The Office of Dietary Supplements of the National Institutes of Health states that dietary minerals are important to a healthy diet, but that adverse effects can occur if a person consumes too much of a multi-mineral supplement, especially if she also eats fortified foods. The exact adverse effects that may occur vary depending on which mineral or minerals the person in question consumes.
The Office of Dietary Supplements notes that excess iron consumption can cause constipation, nausea, upset stomach and vomiting. Extreme overdoses of iron can cause coma, convulsions and multi-system organ failure and may lead to death. Excessive supplemental magnesium intake can lead to diarrhea and nausea, with very high doses potentially leading to magnesium toxicity. Too much calcium is known to lead to hypercalcemia, kidney stones and constipation.
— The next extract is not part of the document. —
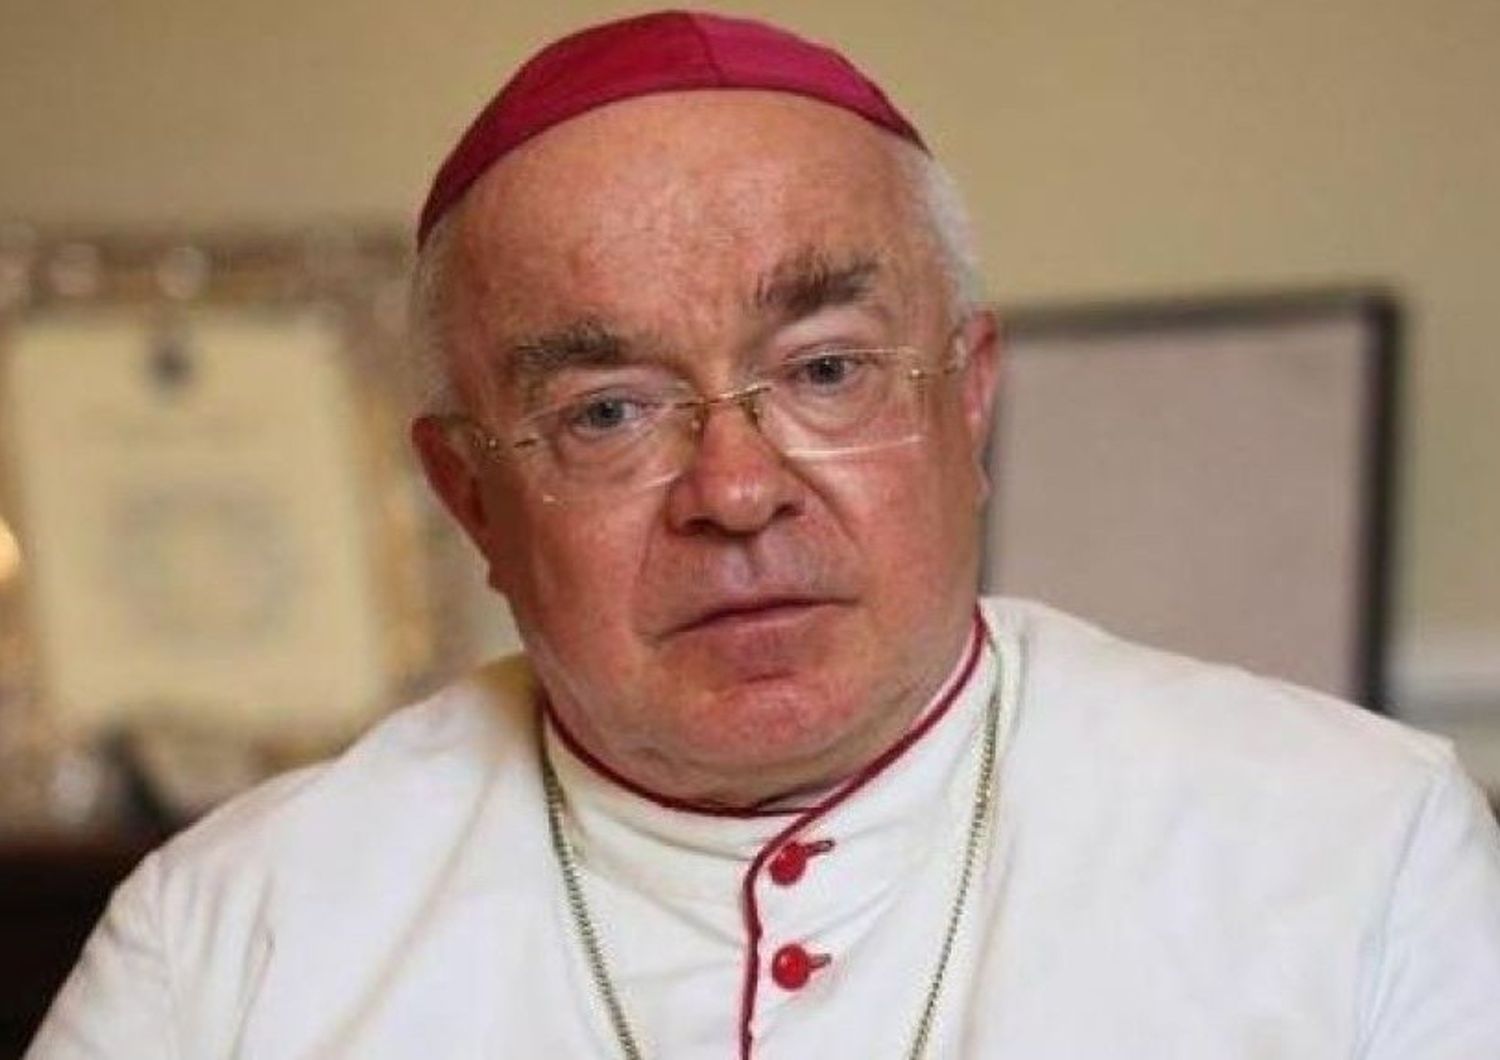 Pedofilia: ex nunzio Wesolowski sara' processato in Vaticano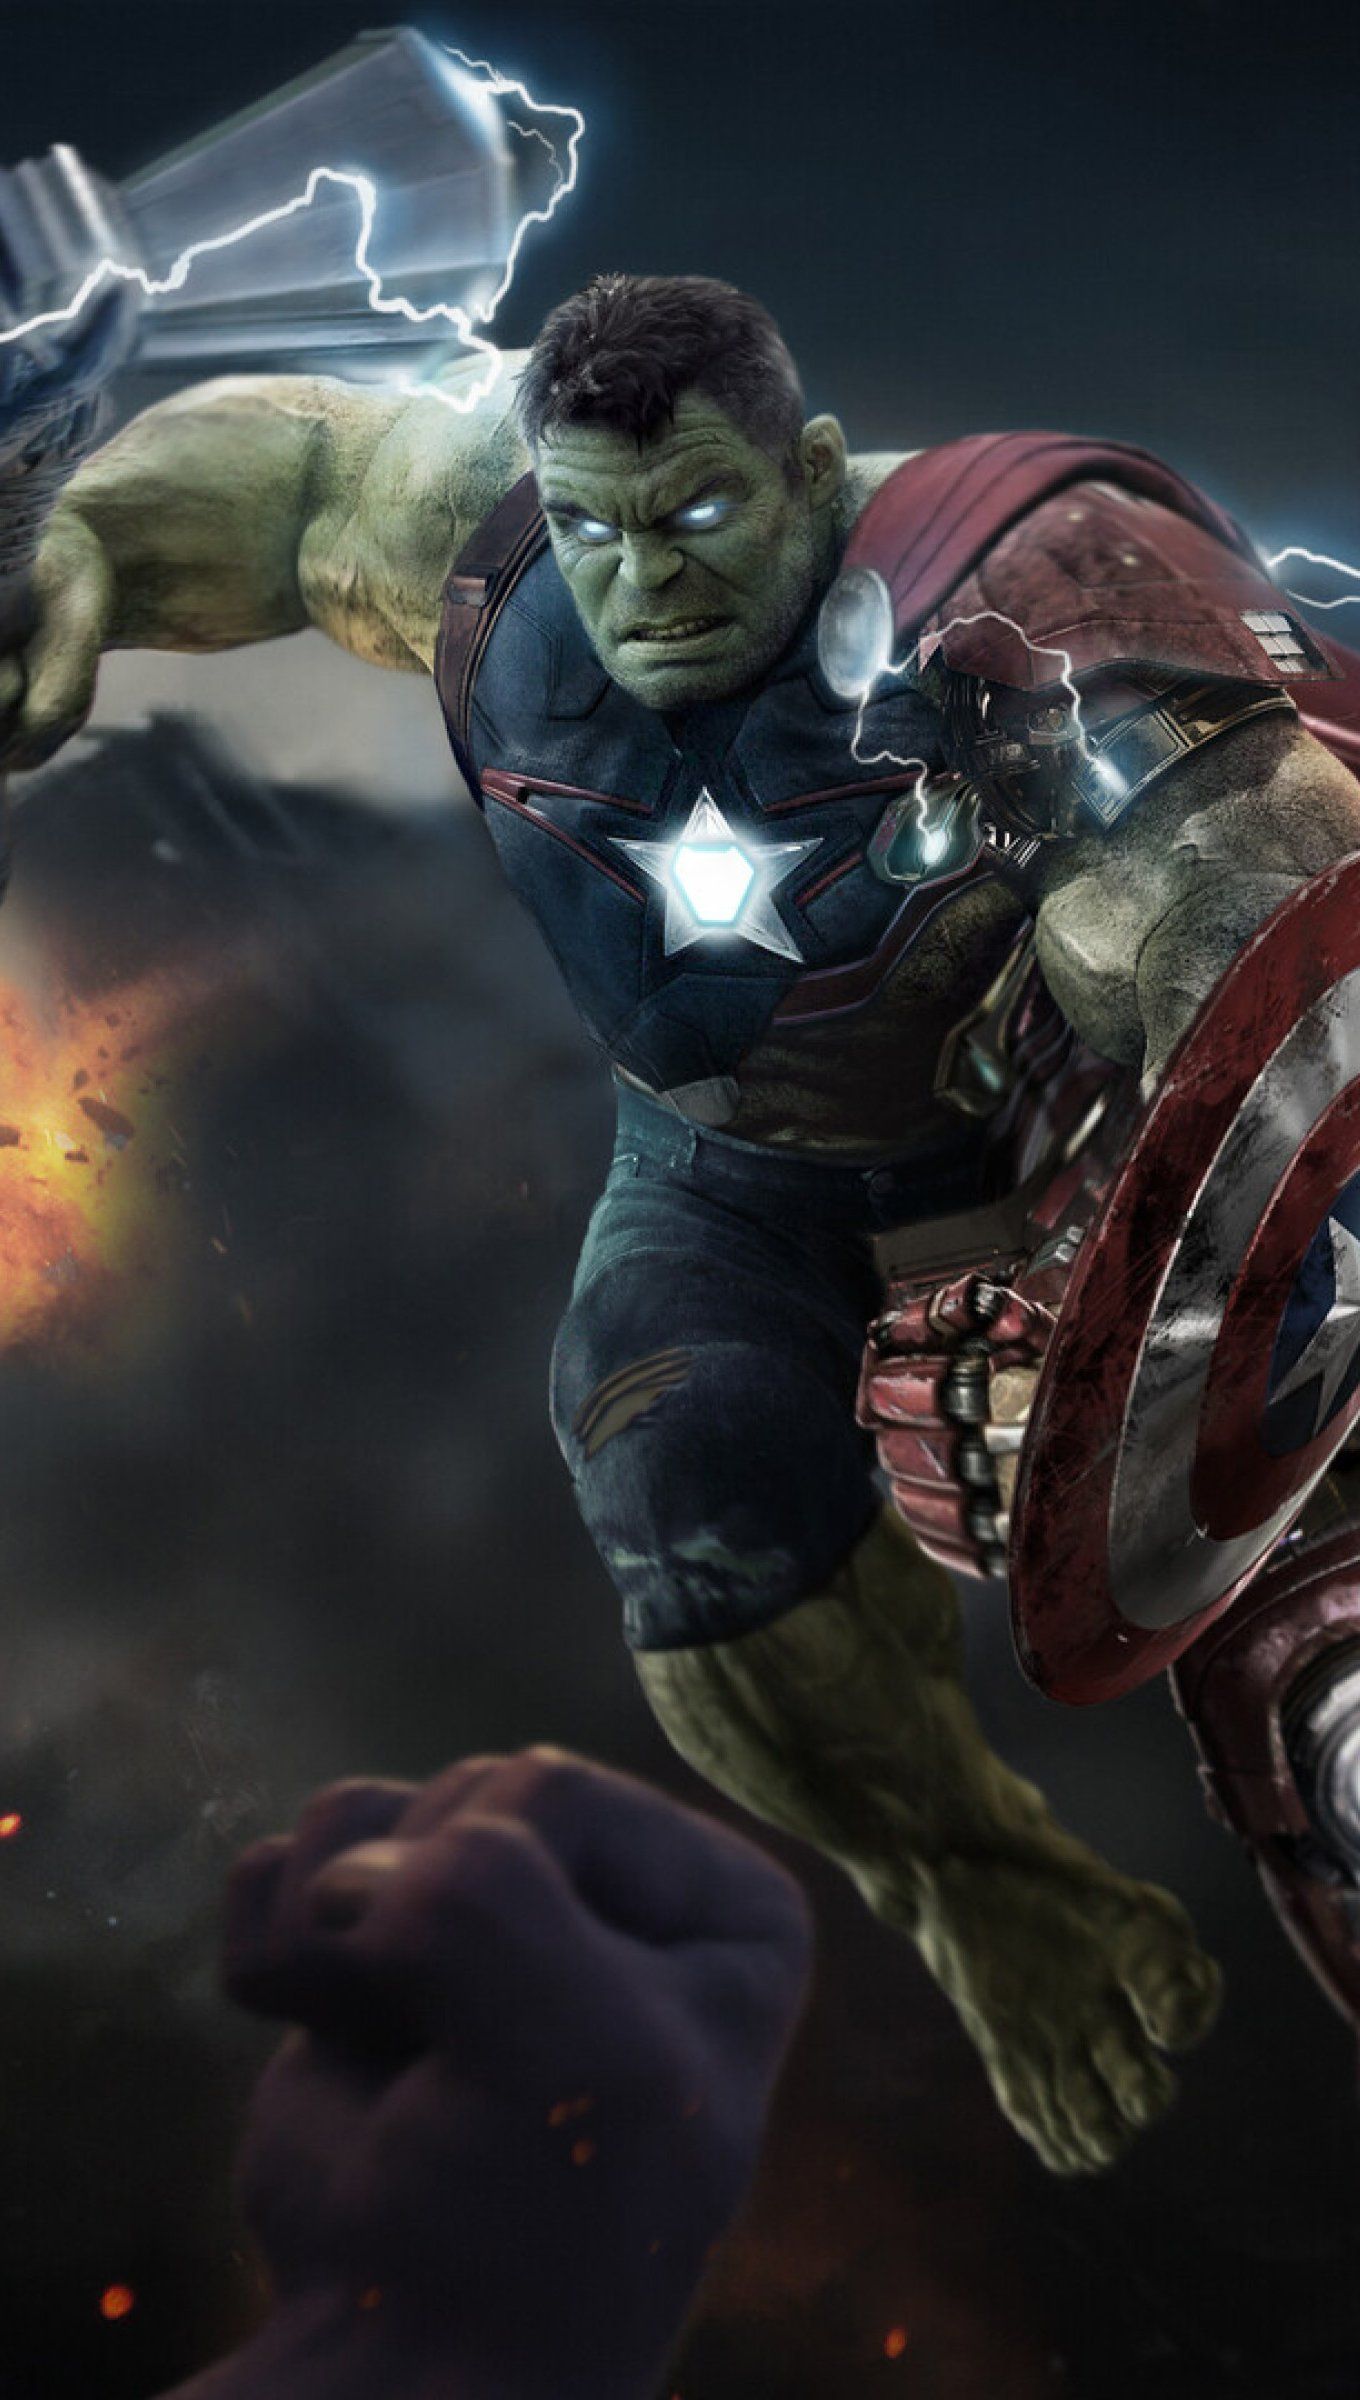 Hulk in Avengers Endgame Wallpaper 4k Ultra HD

According to the Office of Dietary Supplements, chronic intake of too much selenium is known to cause one's breath to smell like garlic and to leave a metallic taste in one's mouth. Excessive selenium intake also leads to brittle hair or hair loss, lesions of the skin and nervous system, fatigue and abnormalities in the nervous system. Selenium toxicity has, in rare cases, led to death.
While further adverse effects are potentially associated with excessive intake of dietary minerals, many are not yet confirmed due to the difficulty of isolating the effects of the minerals from the effects of the food sources in which they are found.